# Kameleon: Here is your custom avatar



## Rush (Jun 18, 2006)

View attachment awesome2.bmp


This one is sick. I made it. I have another one but this one is way better. It might not work when you try to upload it as your avatar and the adminmma is trying to fix that problem by tommorow. I hope you like it though and make it your avatar when the problem is fixed. Please add rep.


----------



## Kameleon (Apr 20, 2006)

*Didn't work. I wait and see if Adminmma can fix that problem. It looks good thought, good job.*


----------



## Rush (Jun 18, 2006)

Kameleon said:


> *Didn't work. I wait and see if Adminmma can fix that problem. It looks good thought, good job.*


Yeah, he told me he would try and fix it. Here is another one if you thought that one was satisfactory. But I don't think this one is better than the first one due to the shot.

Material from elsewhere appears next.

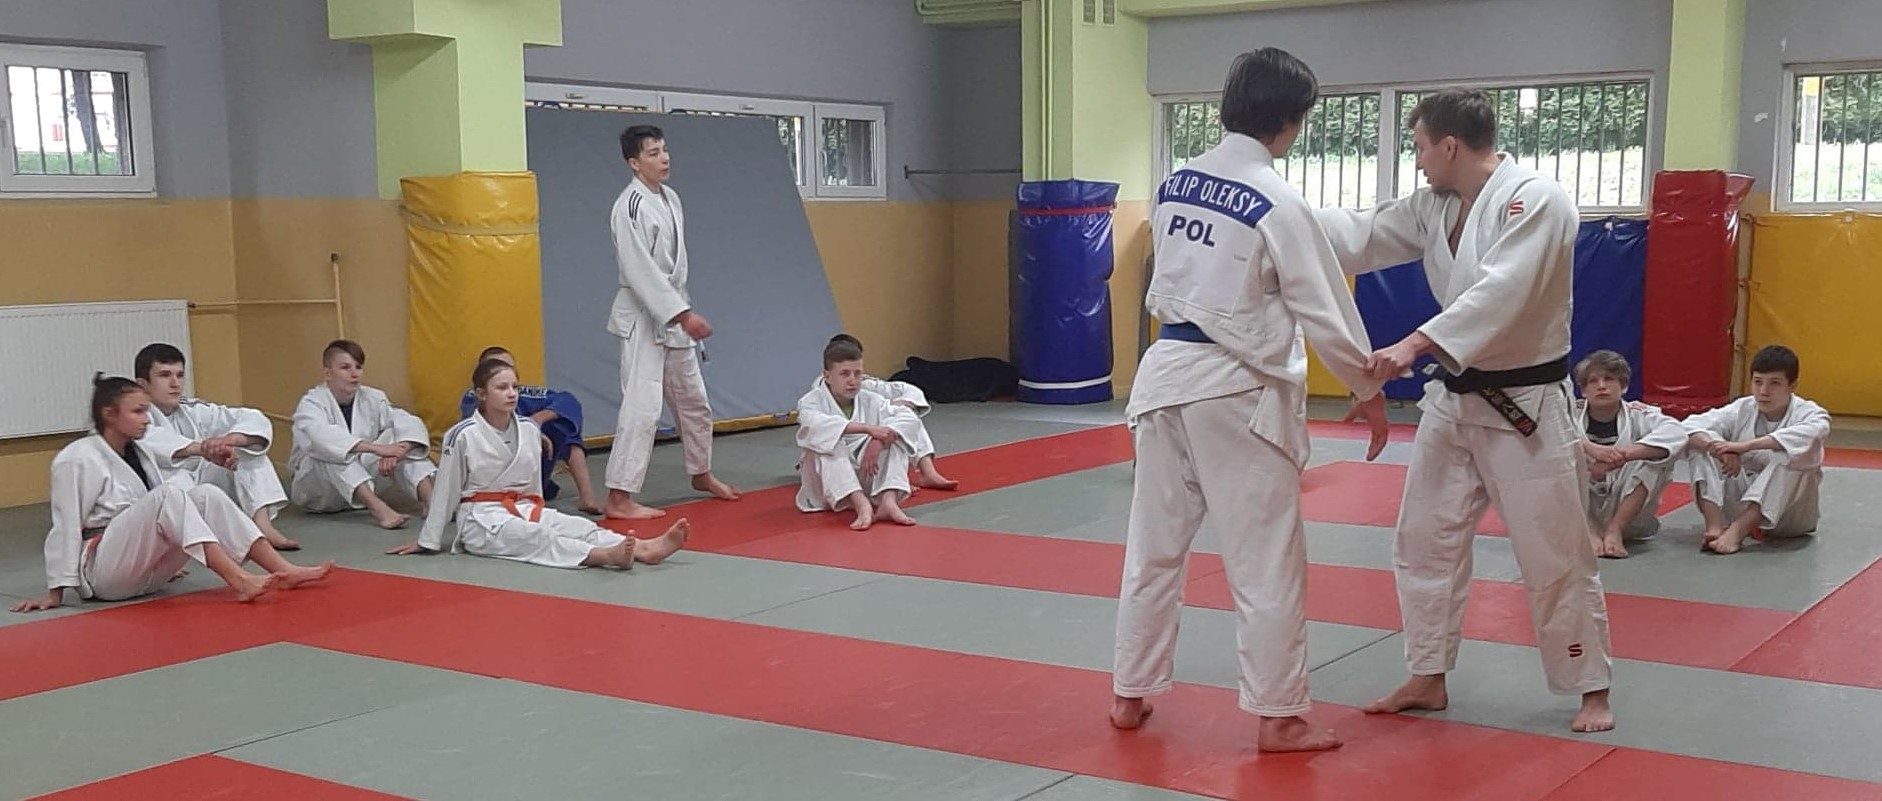 Drugie konsultacje szkoleniowe judo z Tomaszem Kowalskim

View attachment awesome2.5.bmp


----------



## rana (Jun 3, 2006)

kewl can i have one of rich franklin? PWEEZZZ


----------



## Rush (Jun 18, 2006)

rana said:


> kewl can i have one of rich franklin? PWEEZZZ


Once my and Kameleon's new avatar works in uploading I will make you one. adminmma is fixing the problem and onced it is fixed I will get you a Rich Franklin one. I have already made two Franklin avatars. But they won't work yet. I'll post it once adminmma fixes the problem. Thanks.


----------



## rana (Jun 3, 2006)

Rush said:


> Once my and Kameleon's new avatar works in uploading I will make you one. adminmma is fixing the problem and onced it is fixed I will get you a Rich Franklin one. I have already made two Franklin avatars. But they won't work yet. I'll post it once adminmma fixes the problem. Thanks.


kewl, no worries!


----------